Мальчишки вместе с Вадимом возились в саду с велосипедом и о чем-то оживленно спорили. Я тихонько открыла калитку и стояла на дорожке, глядя на них. Пока из кухни не вышла мама.

— Лерка? — удивилась она. — Ты откуда взялась?

— Удрала с работы.

Петька с Пашкой заскакали вокруг меня, отобрали сумку. Вадим подошел, обнял, поцеловал. Я заметила, как удивленно округлились мамины глаза. Выглянул из сарая папа — в рабочих штанах, со стружкой в волосах. Помахал рукой и снова спрятался, наверняка что-то мастерил.

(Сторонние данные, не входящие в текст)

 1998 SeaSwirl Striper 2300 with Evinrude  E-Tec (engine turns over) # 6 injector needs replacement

Я переоделась и пошла помогать маме готовить ужин.

— И? — поинтересовалась она, нарезая зелень на салат, словно между прочим.

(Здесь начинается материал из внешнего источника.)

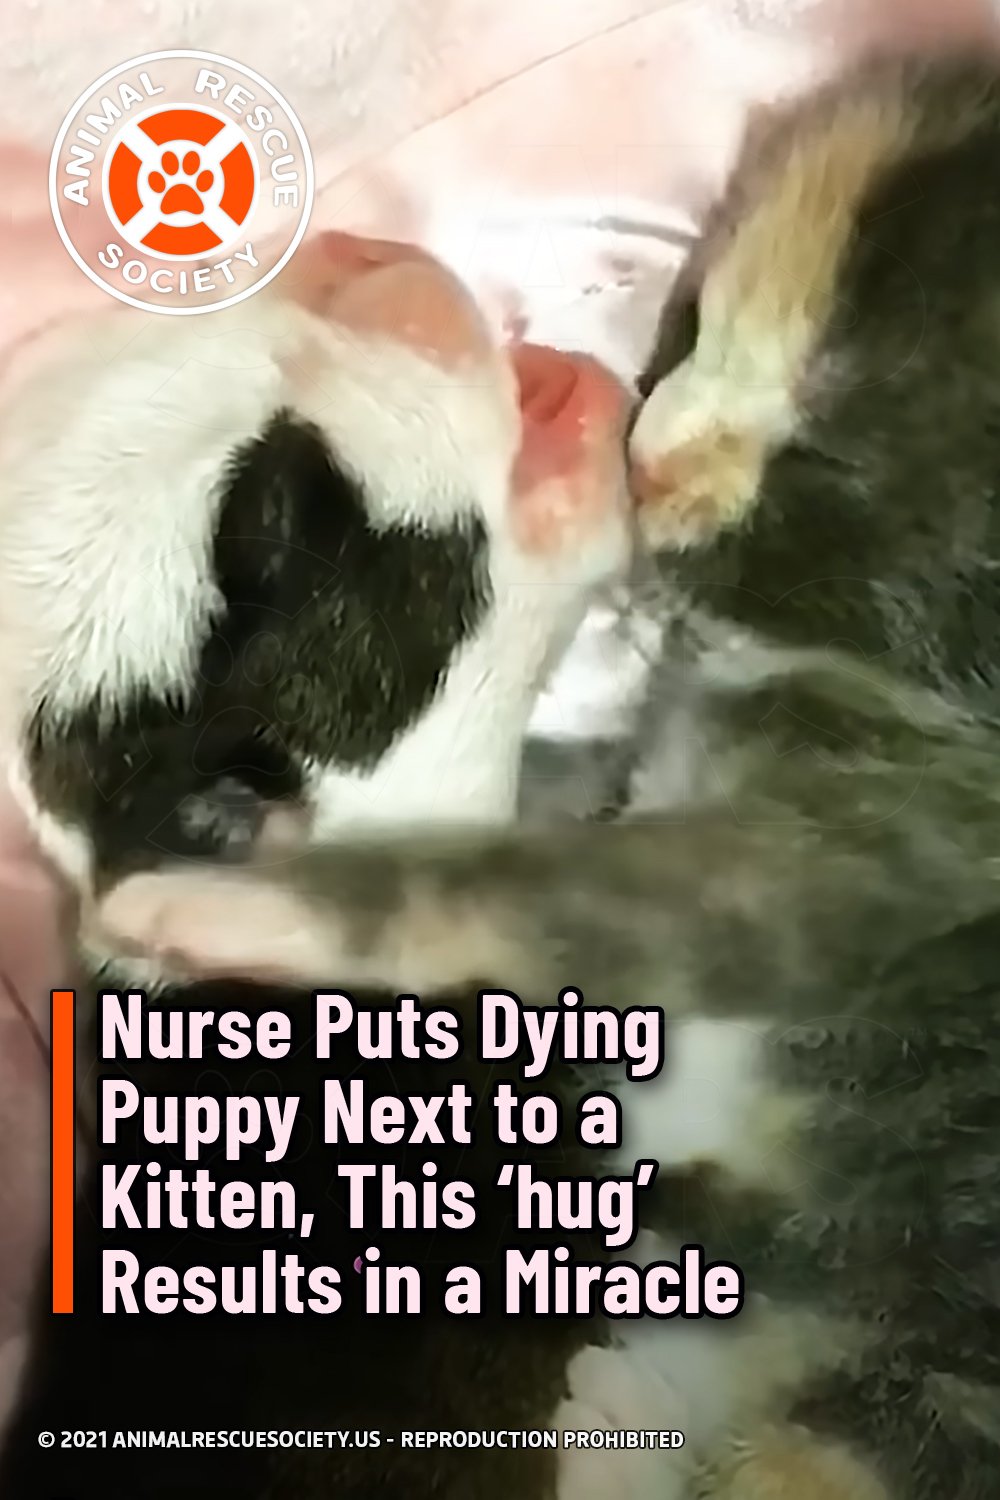 Nurse Puts Dying Puppy Next to a Kitten, This ‘hug’ Results in a Miracle

— Что? — я притворилась дурочкой.

— Голову мне не морочь. Что это было?

— Все нормально, — смущенно пробормотала я. — Где открывашка?

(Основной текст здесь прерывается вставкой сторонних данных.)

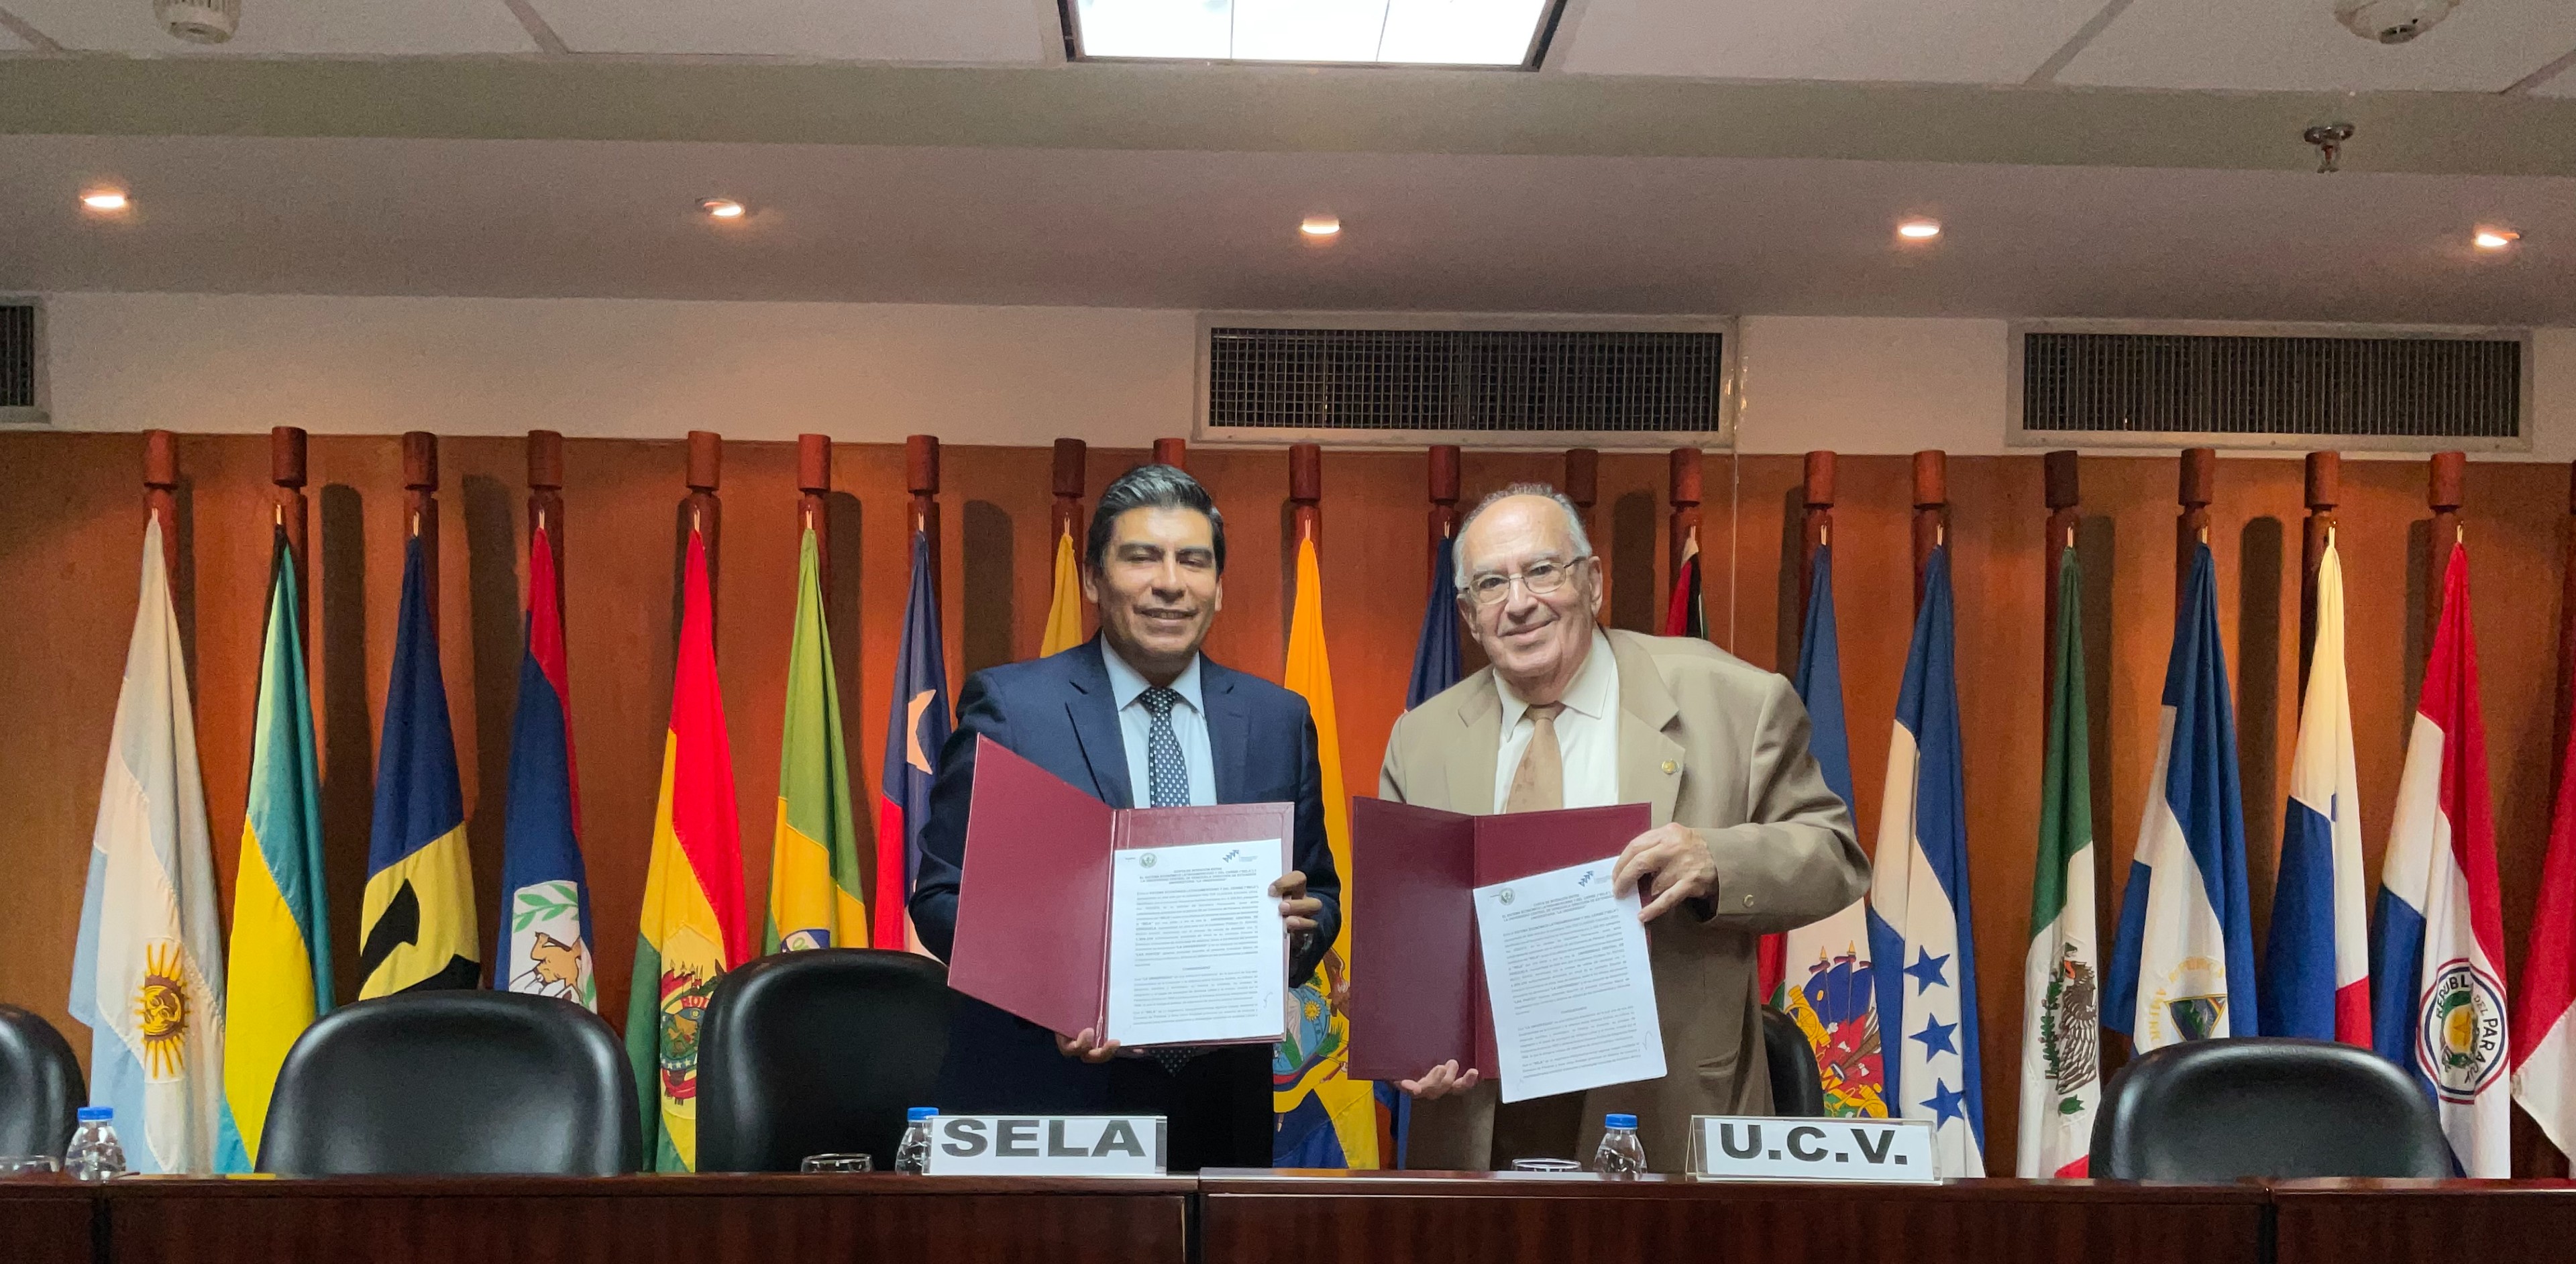 SELA and UCV sign institutional cooperation agreement

Мама положила передо мной консервный нож и поставила банку горошка.

— Неужели?

Я старательно вскрывала банку и молчала.

— Ну дай-то бог, — мама погладила меня по голове, как маленькую.

После ужина мы, как обычно, долго и лениво пили чай на веранде. Где-то далеко шумела электричка, выводила замысловатые трели невидимая птица. Было так спокойно, так уютно, и совершенно не хотелось думать ни о чем плохом.

— Вы купались? — спросила я двойняшек. — Как вода?

— Теплая-претеплая, — заверили они.

Вадим толкнул меня ногой под столом, наклонился и прошептал на ухо:

— Хочешь, ночью сходим?

— Эй, где больше двух, говорят вслух! — возмутился Петька.

— Много будешь знать — скоро состаришься, — отрезал Вадим.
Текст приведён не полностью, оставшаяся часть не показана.